They don't call Nashville "Music City" for nothing (photo: Nashville Convention and Visitors Corp.)

What’s Fun and Free in Nashville this Summer

By Katie McPhee

Planning a trip to Nashville, Tennessee and wondering what to do on a budget? Not everyone in Music City has made it big (yet), so we’ve rounded up a few fun things to do that will leave enough money for other important items—you know, like cowboy boots, backstage passes to the Grand Ole Opry or Nashville’s mouthwatering (and eye-watering) hot chicken. Another way to keep more money in your pocket? Book your Nashville trip with AMA Travel. We’ll help you find great rates on WestJet’s twice-weekly non-stop flights between Calgary and Nashville, and we guarantee you’ll get the best possible price on your hotel booking.

Summertime means lots of free events at this urban park. Bring lawn chairs and blankets to Musicians Corner, a live music series held most Friday nights and Saturday afternoons in May, June, August and September. And on Saturday nights in June through August, you can enjoy old-fashioned fun with free group dance lessons and live music during Big Band Dances. 2500 West End Ave.

Daytime concerts are free and open to the public during the Country Music Association’s annual multi-day music fest, taking place this year from June 7 to 10. Multiple stages draw thousands of fans to downtown streets, and if you like what you hear, you can purchase tickets to the festival’s nighttime concerts, meet-and-greets and autograph sessions. Nissan Stadium, 116 S. 1st St.

Visit the legendary print shop that’s been making custom posters for artists since 1879. There’s no admission fee to browse the dozens of reproduction posters promoting past Nashville performances by Willie Nelson, Bob Dylan, Mumford & Sons and many more of music’s biggest names. Peek into the production area through designated viewing windows, or pony up a few bills of your own for a guided behind-the-scenes tour. 224 5th Ave. S.

Tens of thousands of music fans pack Public Square Park for concerts over a series of evenings in late August and early September. Organized by local independent radio station Lightning 100, the free event brings indie and alternative bands to its outdoor stage and is well-loved by locals and visitors alike. Dates and performers are yet to be confirmed for 2018, but last year’s headliners included Sheryl Crow, Spoon, Iron & Wine, and Future Islands. Bring a blanket or chair and arrive early to snag a good seat on the lawn. 1 Public Square

Nearly a quarter of a million people attend downtown Nashville’s annual Independence Day celebration. If you’re brave enough to join the holiday crowds, it’s an event not to be missed. Free concerts and family-friendly activities are offered in the afternoon and early evening, while nighttime festivities include a fireworks display choreographed to music performed by the Nashville Symphony. 1st Ave.

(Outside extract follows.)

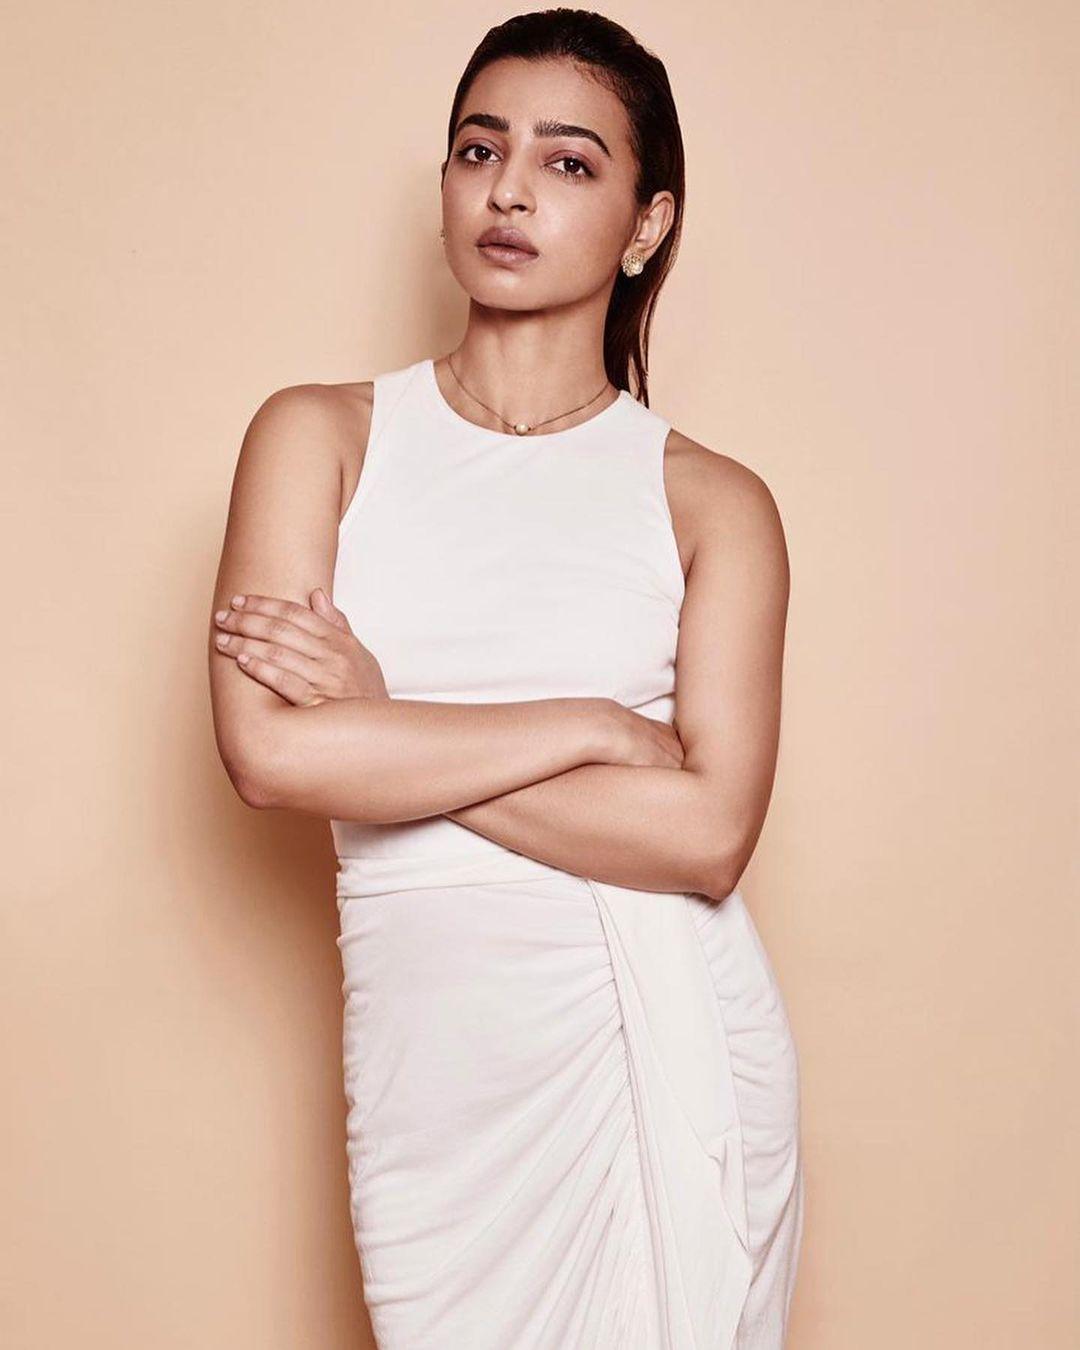 Radhika Apte feeling after photos leaked
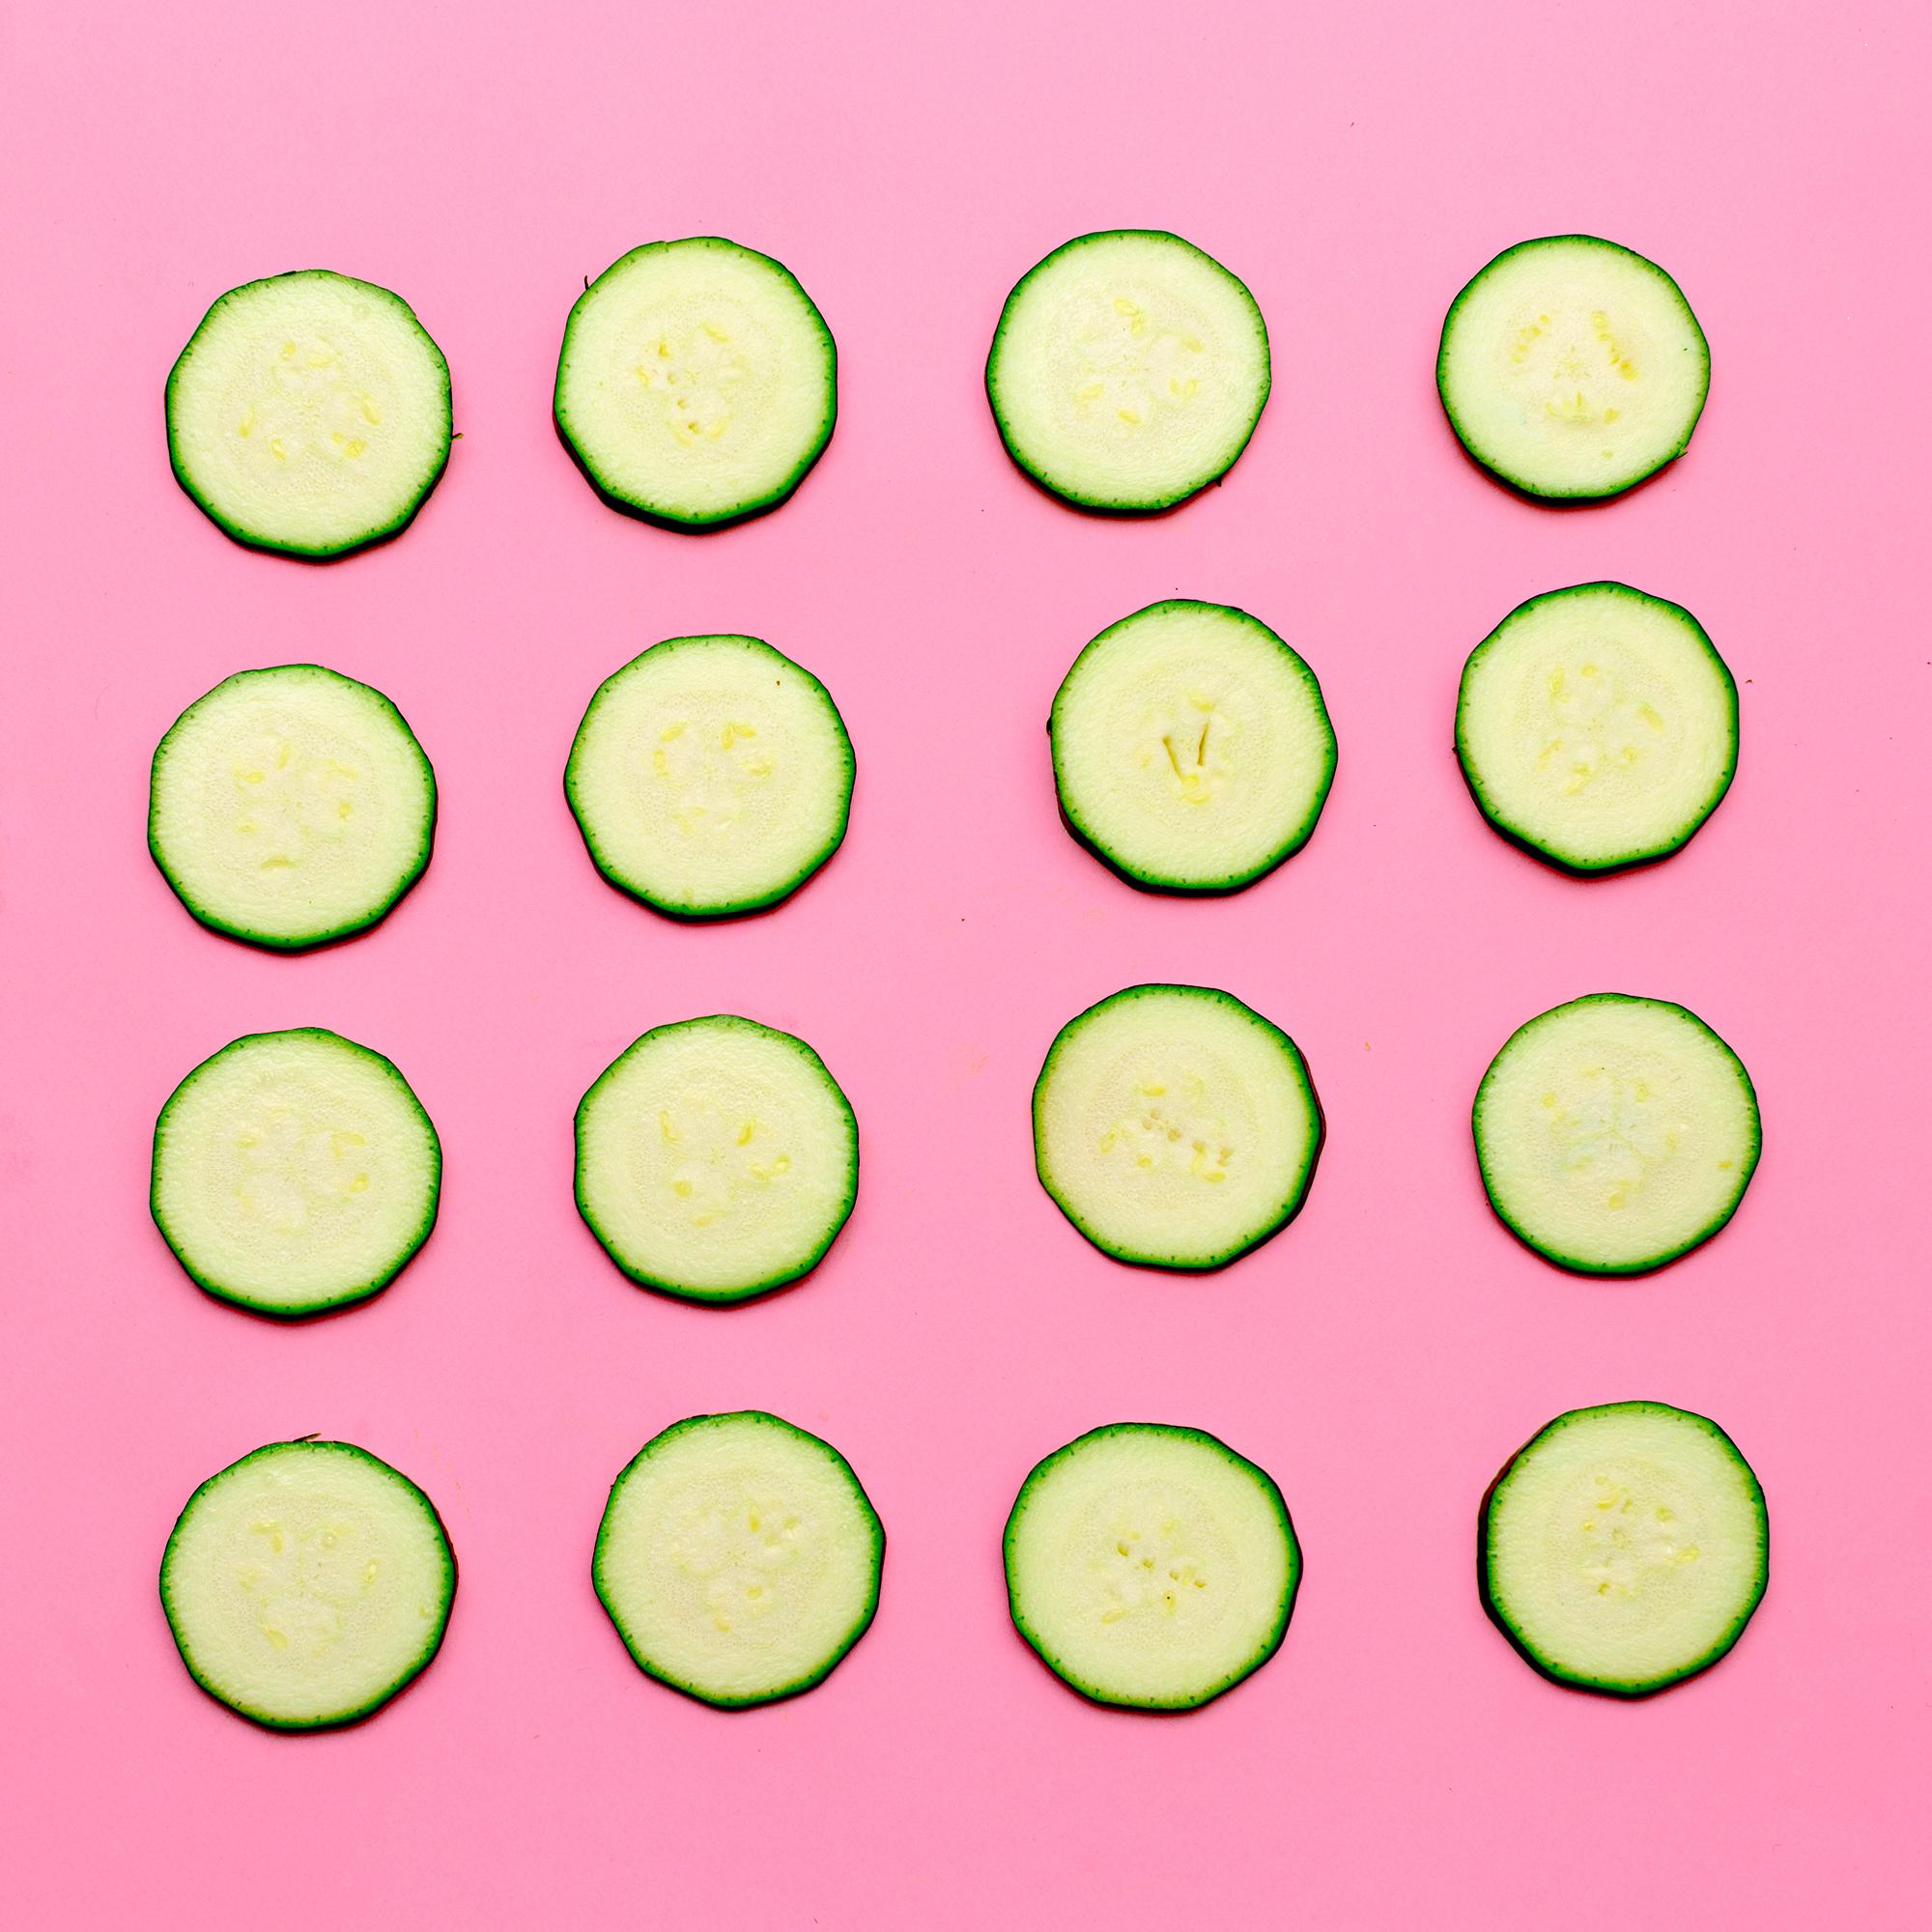 zucchini-background-vegan-minimal-art-design-PYYJJAG.jpg

N & Broadway

free in nashville tennessee state capitol building
Take a tour of the Tennessee State Capitol (photo: Nashville Convention and Visitors Corp.)

Grab your photo ID and join suit-clad politicians and throngs of local school groups at Tennessee’s Greek Revival–style capitol building. Free tours are offered six times daily (Monday to Friday), allowing you to pay a visit to the House and Senate chambers, the governor’s reception room and other offices. Also on the grounds you’ll find the tombs of James K. Polk (the 11th President of the United States) and his wife, Sarah. 600 Charlotte Ave.

Open daily, year-round at a permanent site near Bicentennial Capitol Mall State Park, this market sees local producers set up shop in covered, open-air stalls, while an indoor space boasts more than a dozen restaurants, an international grocery store and a brewpub. Bring cash if you think you’ll want to do more than just browse. 900 Rosa L. Parks Blvd.

Hunting for treasures is the main activity at this big flea market, held the fourth weekend of every month at The Fairgrounds Nashville. Pros know the best time to go is early in the morning—around 7 or 8 a.m.—when the vendors first set up. Even if you’re not planning a big purchase, there are still all sorts of things to see, from home decor and antiques to vintage curiosities and collectibles, and admission is free. (Bring $5 cash for parking, however, and more if you want to haggle for a good deal.) 500 Wedgewood Ave.

Stay up late and join this theatre’s toe-tapping studio audience for the Ernest Tubb Midnite Jamboree, a live country music show that’s been airing on local AM radio since 1947. The jamboree takes place every Saturday at 10 p.m. and is broadcast after the Grand Ole Opry at midnight. Admission is free. 2416 Music Valley Dr.